Perrierodendron quartzitorum
- Conservation status: Critically Endangered (IUCN 3.1)

Scientific classification
- Kingdom: Plantae
- Clade: Tracheophytes
- Clade: Angiosperms
- Clade: Eudicots
- Clade: Rosids
- Order: Malvales
- Family: Sarcolaenaceae
- Genus: Perrierodendron
- Species: P. quartzitorum
- Binomial name: Perrierodendron quartzitorum J.-F.Leroy, Lowry, Haev., Labat & G.E.Schatz

= Perrierodendron quartzitorum =

- Genus: Perrierodendron
- Species: quartzitorum
- Authority: J.-F.Leroy, Lowry, Haev., Labat & G.E.Schatz
- Conservation status: CR

Species of flowering plant

Perrierodendron quartzitorum is a plant in the family Sarcolaenaceae. It is endemic to Madagascar.

==Description==
Perrierodendron quartzitorum grows as a shrub or small tree up to 6 m tall. Its chartaceous to subcoriaceous leaves are obovate to elliptical in shape. They are coloured dark green above, pale green below and measure up to 4 cm long. The inflorescences bear one to three flowers, each with five sepals and five white petals.
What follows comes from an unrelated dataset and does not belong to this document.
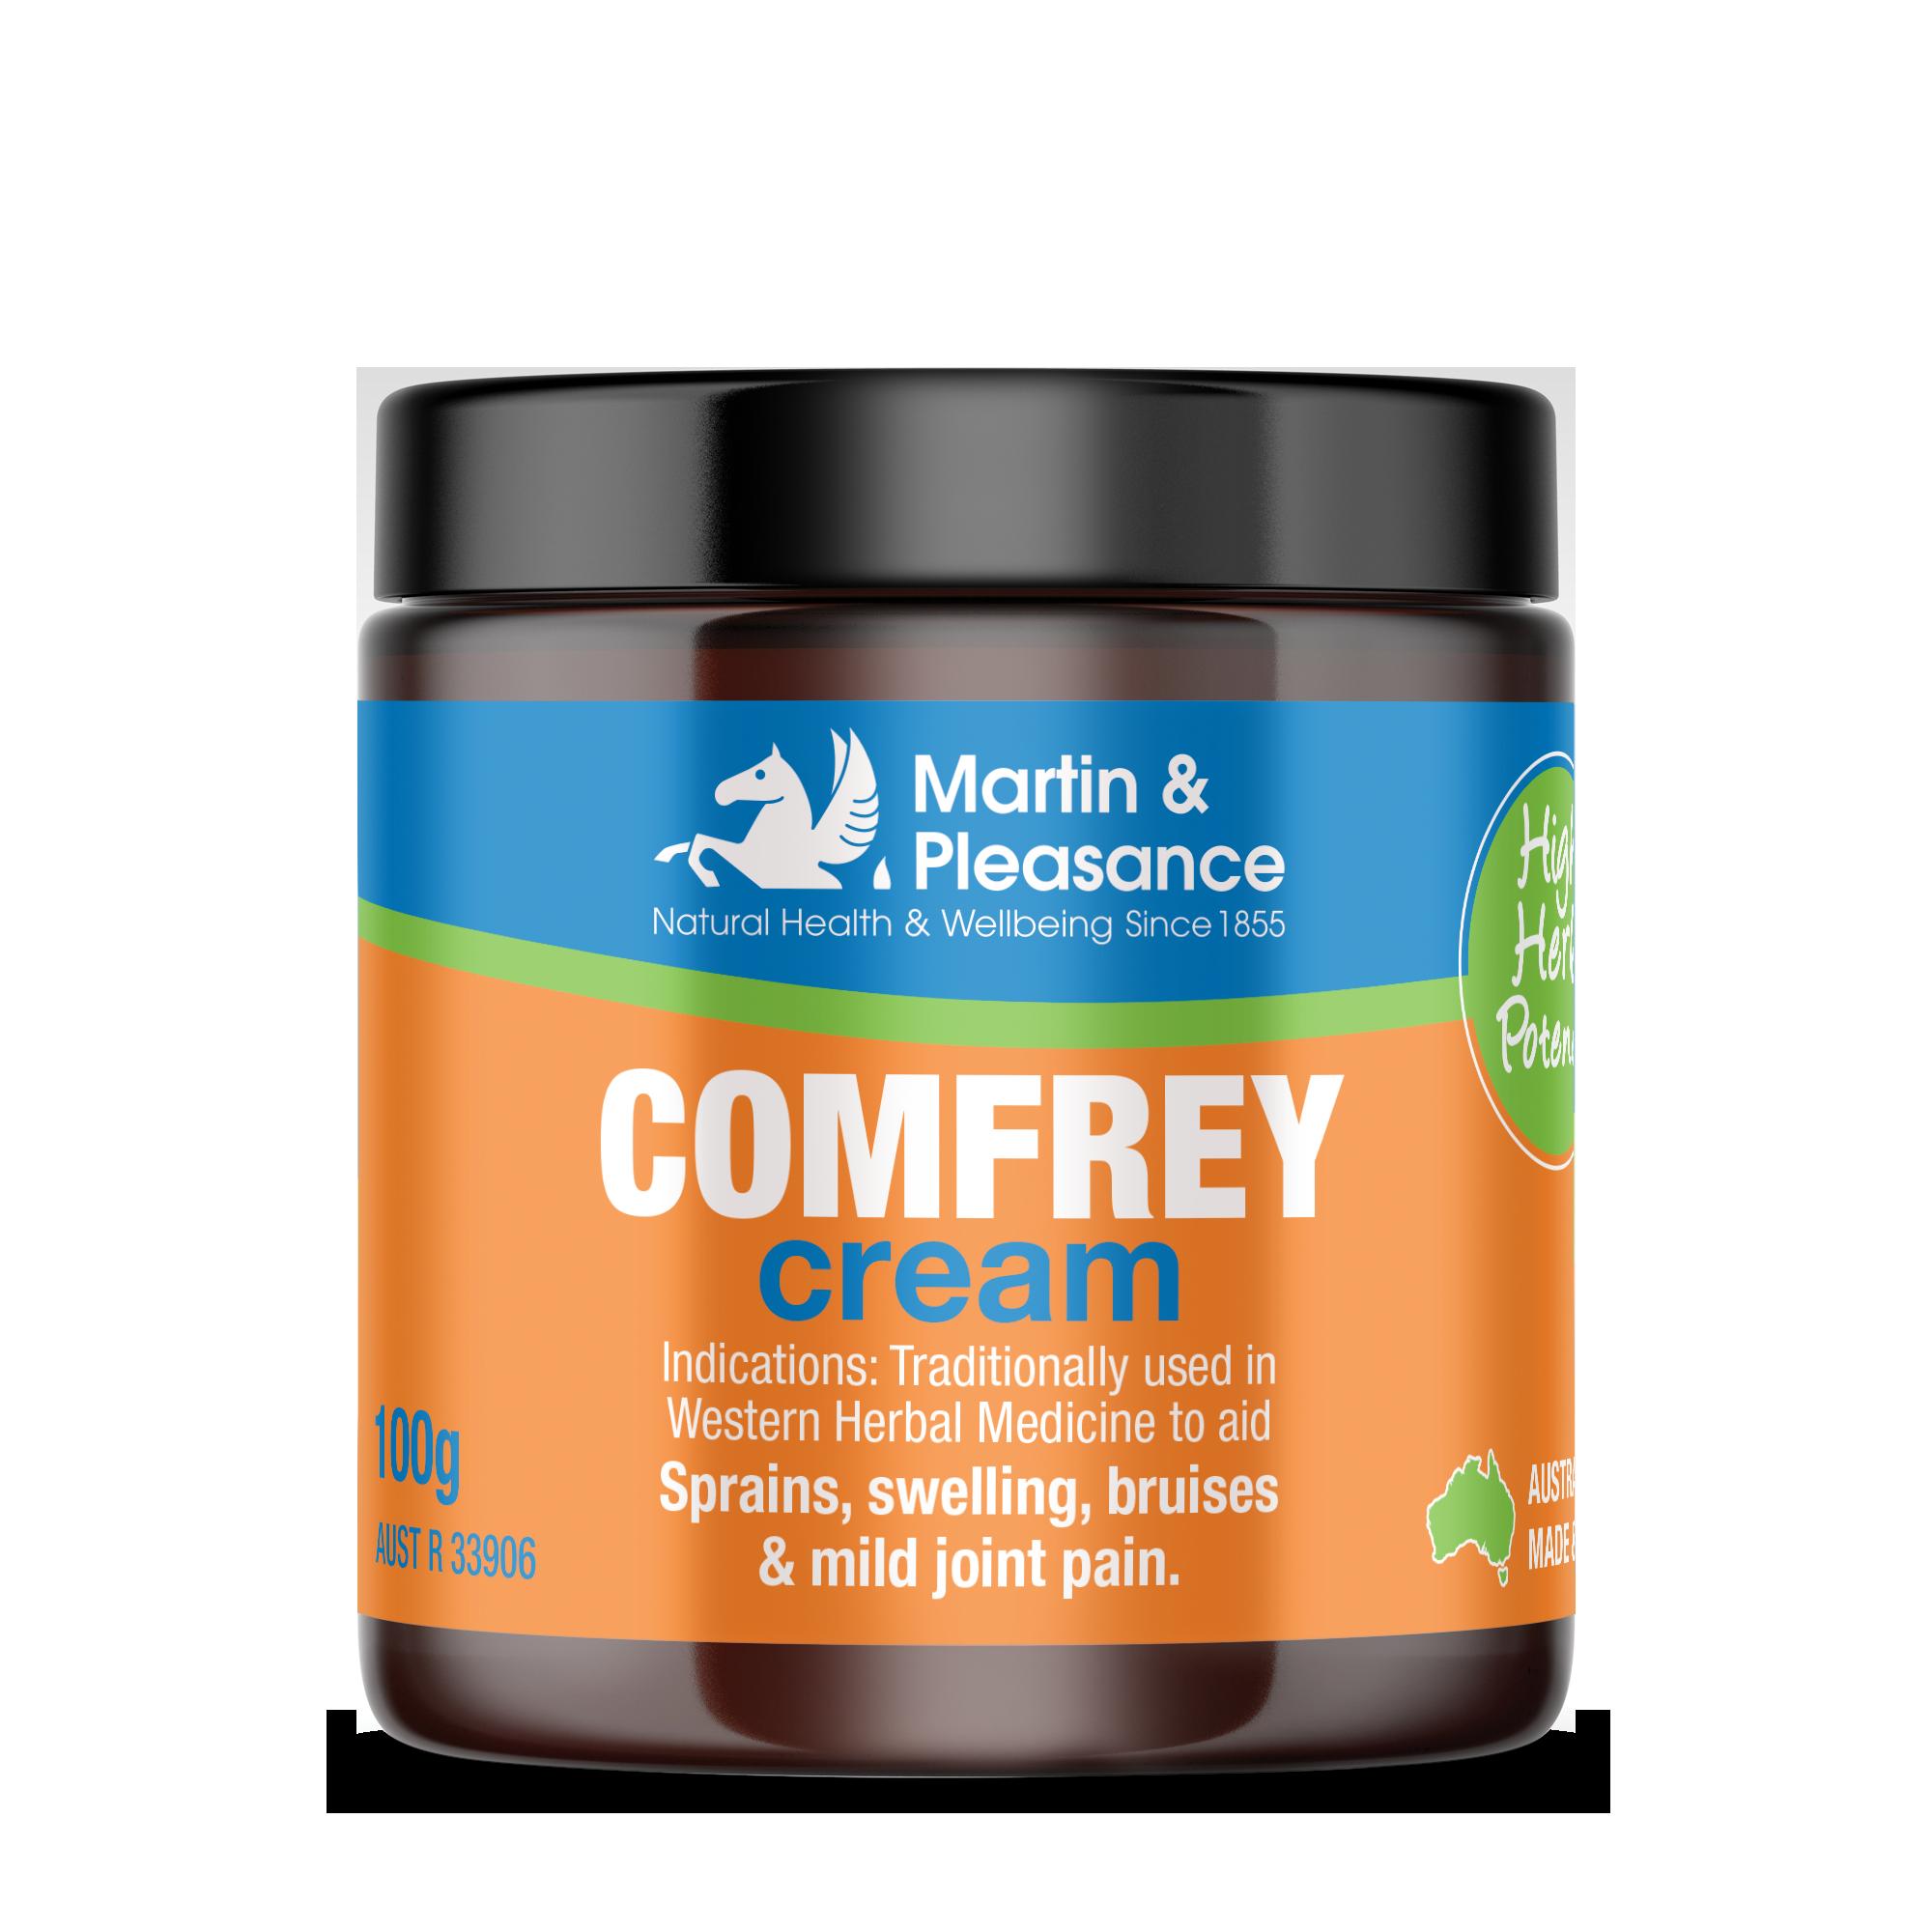 Martin & Pleasance Comfrey Cream 100g
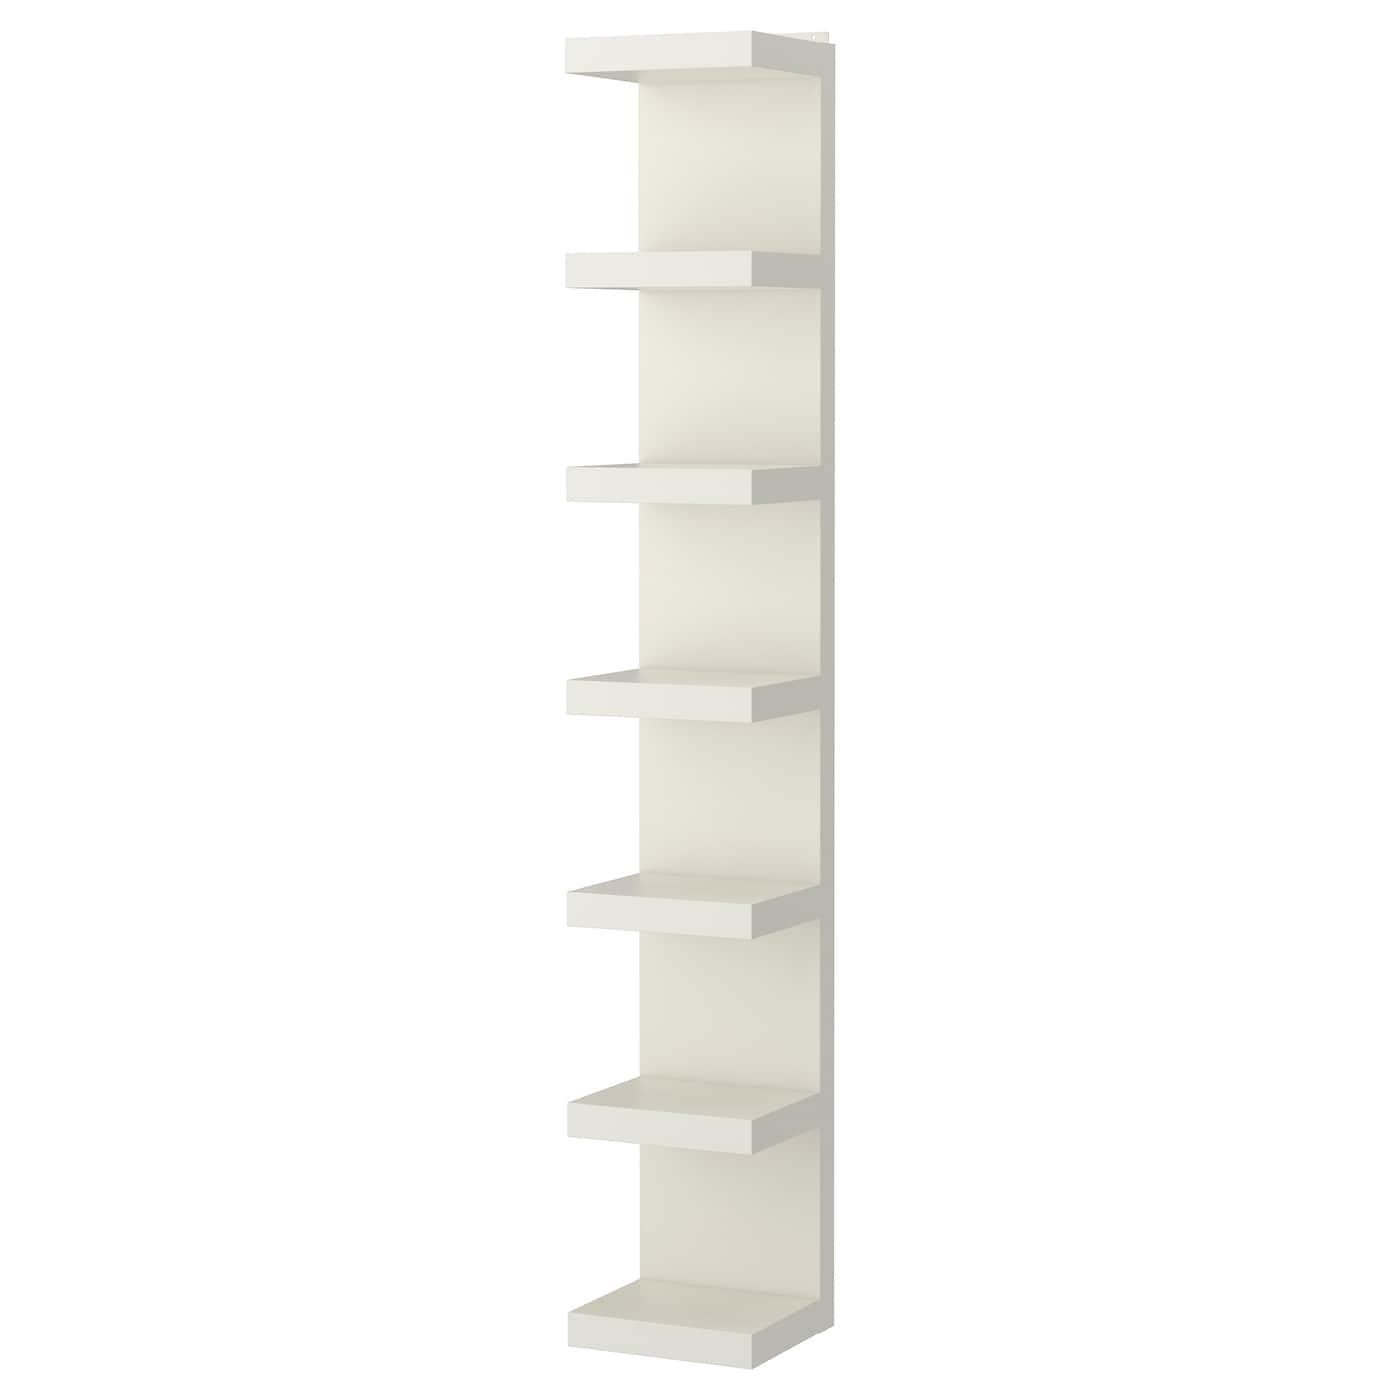 Wall Shelf Unit Lack White

The orange fruits are conical and measure up to 2.5 cm long.

==Distribution and habitat==
Perrierodendron quartzitorum is found only in a single location in the Itremo Massif in the central region of Amoron'i Mania. The estimated area of occupancy is 45 km2. Its habitat is rocky areas and woodlands at about 1000–2000 m altitude.

==Threats==
Perrierodendron quartzitorum is threatened by nomadic animal grazing and seasonal uncontrolled wildfires. The species population is decreasing. Formerly, there were subpopulations in Isalo and Zombitse-Vohibasia National Parks, but, as of the IUCN species assessment in 2015, there are no longer any subpopulations in protected areas.